Dr. Hegele agreed that such things might have been misread. "It's always been assumed those big changes would result in some type of disease, that they were rare and would lead to sort of catastrophic conditions," he said, noting that Down syndrome is the result of an extra copy of chromosome 21.

"But you're always dealing with clinical uncertainties and the best knowledge that's available at the time."

Human DNA is a chemical code of roughly three billion letters. These letters, A, C, G and T, are nucleotides that can spell out the recipe for a gene. Previously, scientists have paid almost exclusive attention to mutations that involved a single letter change in the recipe -- an A, where others carry a T -- a so-called SNiP. But the new report shows that a gene recipe, like any recipe, can also change if quantities of an ingredient are much larger or missing.

Dr. Hegele, an endocrinologist who has been studying the genes of patients with a family history of high cholesterol said, "We assume there are normal numbers of copies [of genes]there when we're looking at their code. But in fact, it could be that one [gene]is totally missing."

Scientists suspect that evolutionary pressures likely triggered some genes and DNA regions to increase in one part of the world, yet wither in another.

The international consortium found that a gene already known to be involved in HIV susceptibility, for example, is carried in higher numbers in the DNA samples from Africa, where HIV rates dwarf those in other parts of the world.

In total, the report found that about 15 per cent of the 2,000 disease-related genes known can be affected by such a variation.

Researchers conducted the study using the 270 DNA samples and health information that had been collected for the Haplotype Map.

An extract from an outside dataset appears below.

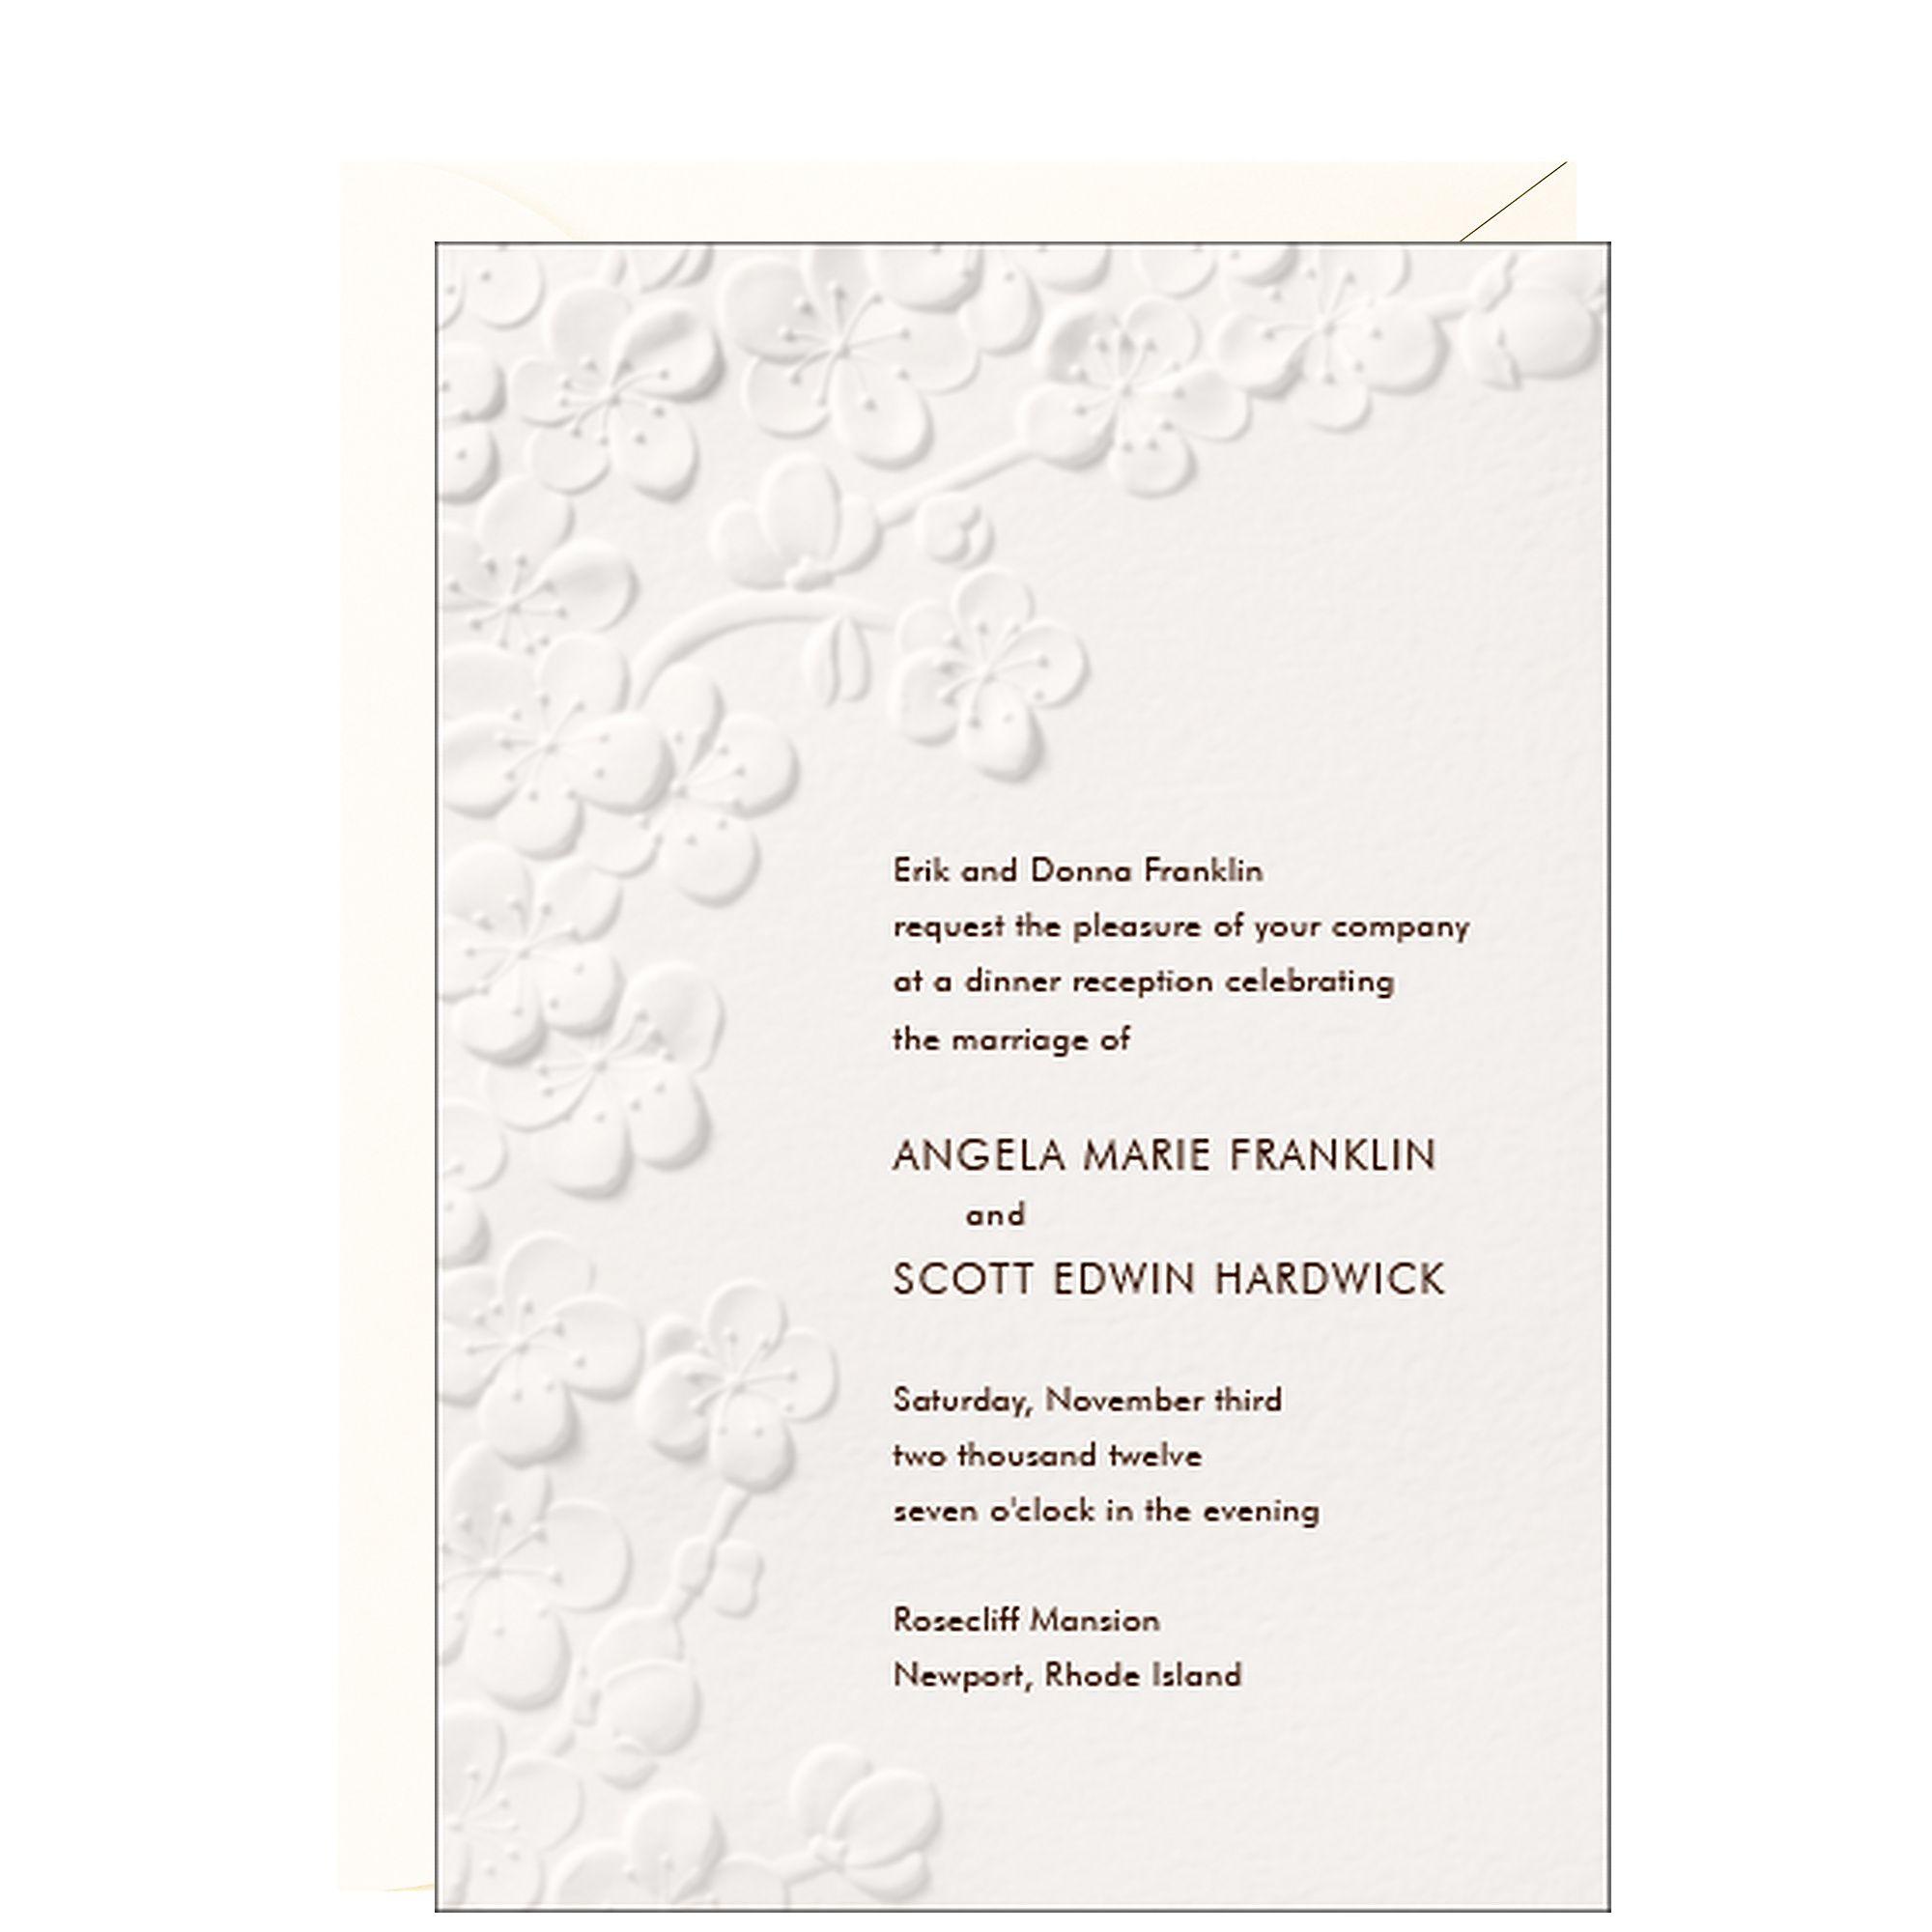 Cherry Blossom Embossed Wedding Invitation | Invitations ...

That map, completed last fall, was the first catalogue of common genetic differences -- SNiPs -- between four major ethnic groups, the Han Chinese, the Japanese, U.S. citizens of European descent and the Yoruba tribe of Nigeria.

The Haplotype Map, like the 2000 Human Genome Map, suggested there were few differences between these groups of people, with only rare examples of mutations that appeared only in one population.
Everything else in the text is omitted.